Почти следом пришёл Михеев — сам, ногами, потому что такое через связного не передают.
— На середине комплект неполный. Патронов на треть меньше, лент две вместо трёх.
— Куда делись?
— Пожгли раньше. Когда тихо стояли, брали понемногу из аварийного и не докладывали. Думали, после вернут.
— Дай им с центра.
Михеев повёл книжкой в сторону дороги, которую утюжил германец.
— Через что? Туда нынче не то что человек с холстиной — слово еле проходит.
— Тогда пусть бьют в упор. Старшего не корить. Пусть считает, что осталось.

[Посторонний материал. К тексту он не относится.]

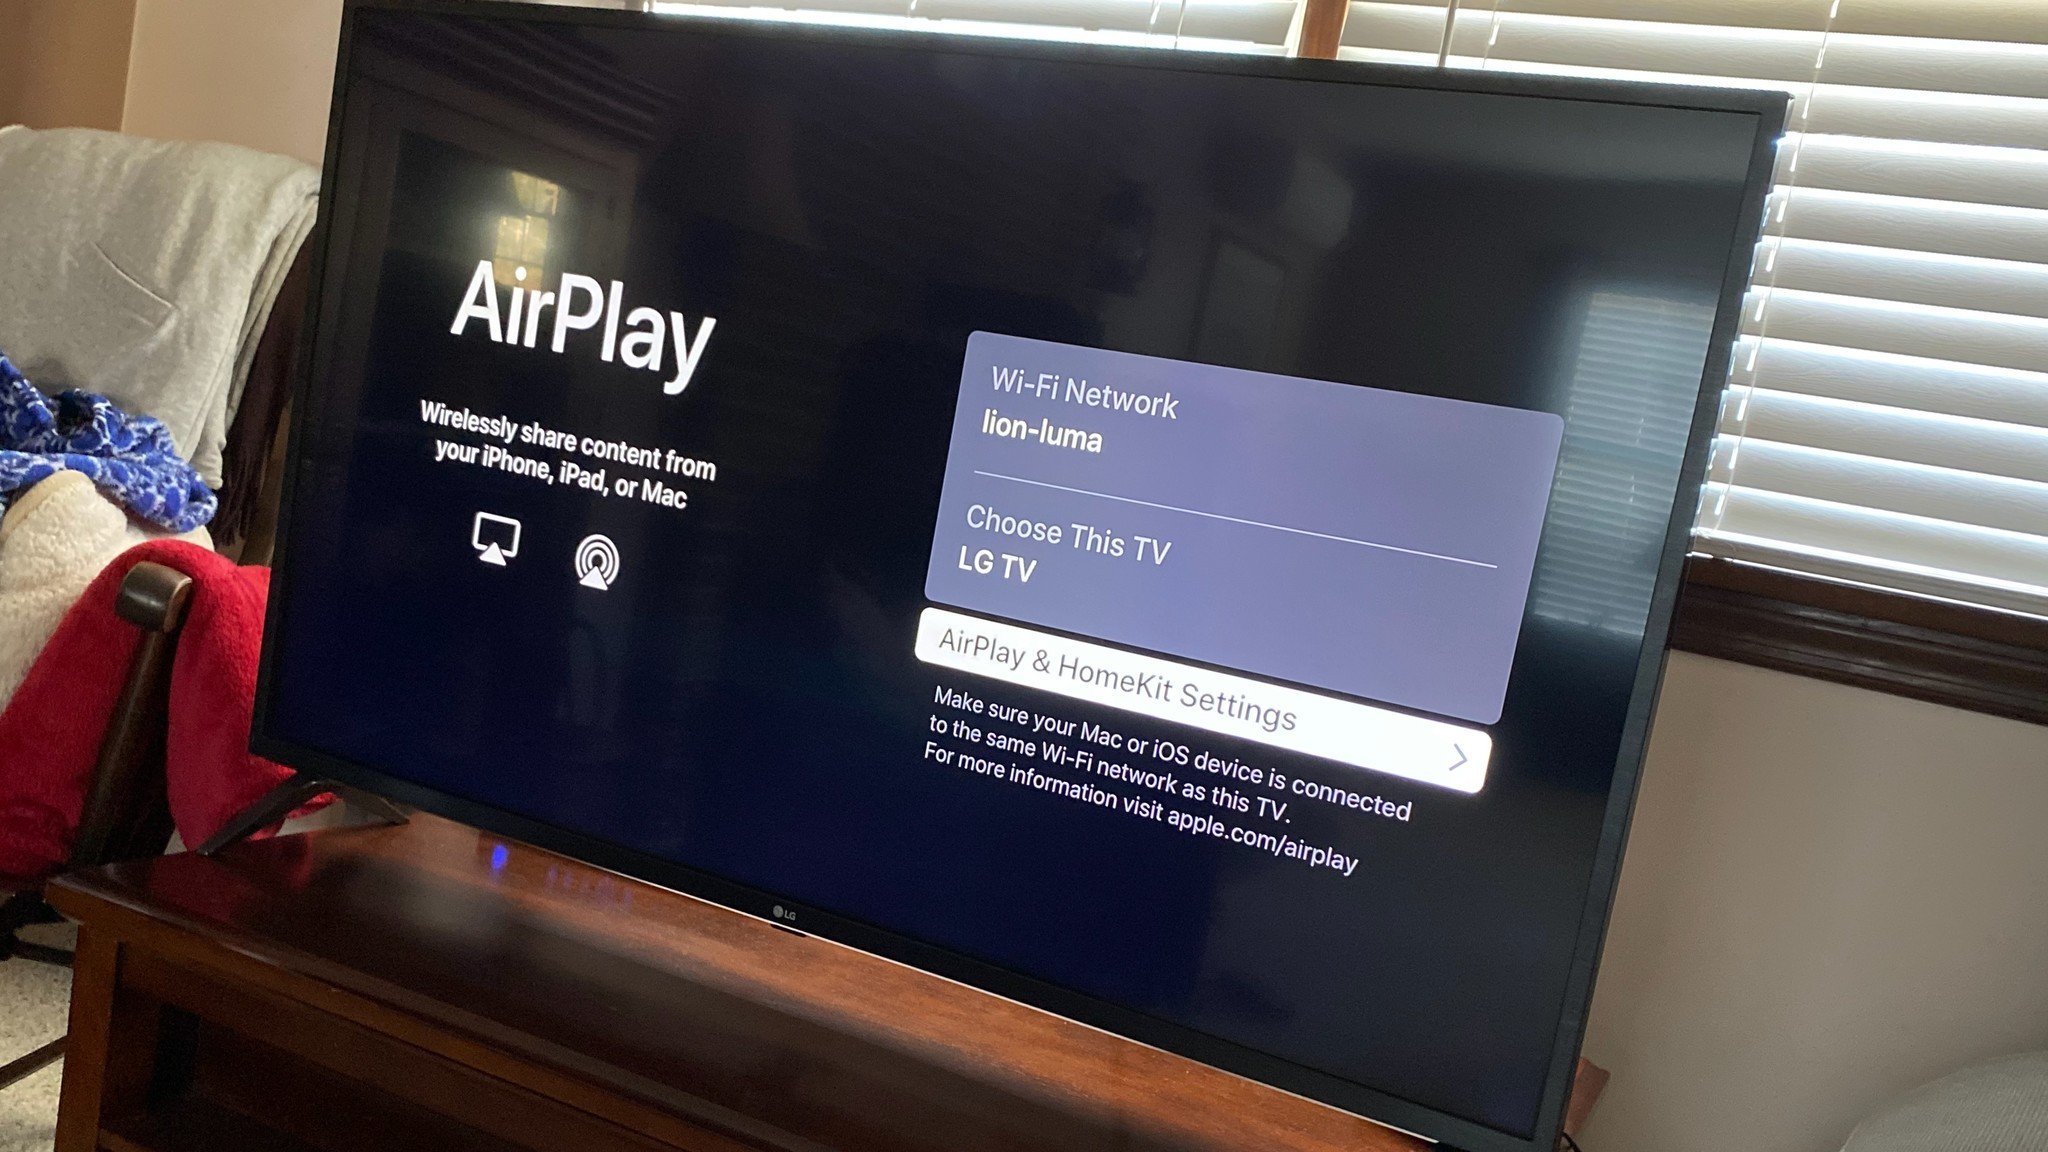 Hot Support For Pre 2019 Tvs, How Do I Mirror My Ipad To Lg Smart Tv Wirelessly

К полудню каждый участок жил тем, что лежало у него под руками. Передать через огонь нельзя было уже ни патронов, ни приказа.
Про Ремизова я узнал под вечер, и узнал не сразу правду, а по кускам, как всё в этот день.
Сперва мимо меня, по лощине, потянулись чужие. Не мои — соседские, с левого стыка. Шли не толпой и не бегом, а кучками, по три-четыре, оглядываясь, спрашивая у встречных дорогу. Один, пожилой, с прострелянной рукой, притянутой к груди ремнём, остановился и спросил меня — меня, чужого офицера, — где деревня. Какая деревня, он и сам не знал. Ему велели идти к деревне. К какой — то ли не сказали, то ли он не расслышал в грохоте, то ли тот, кто говорил, уже не мог поправить. Он шёл к деревне вообще, к любой, лишь бы была крыша и в ней кто-нибудь, кто скажет, что делать дальше.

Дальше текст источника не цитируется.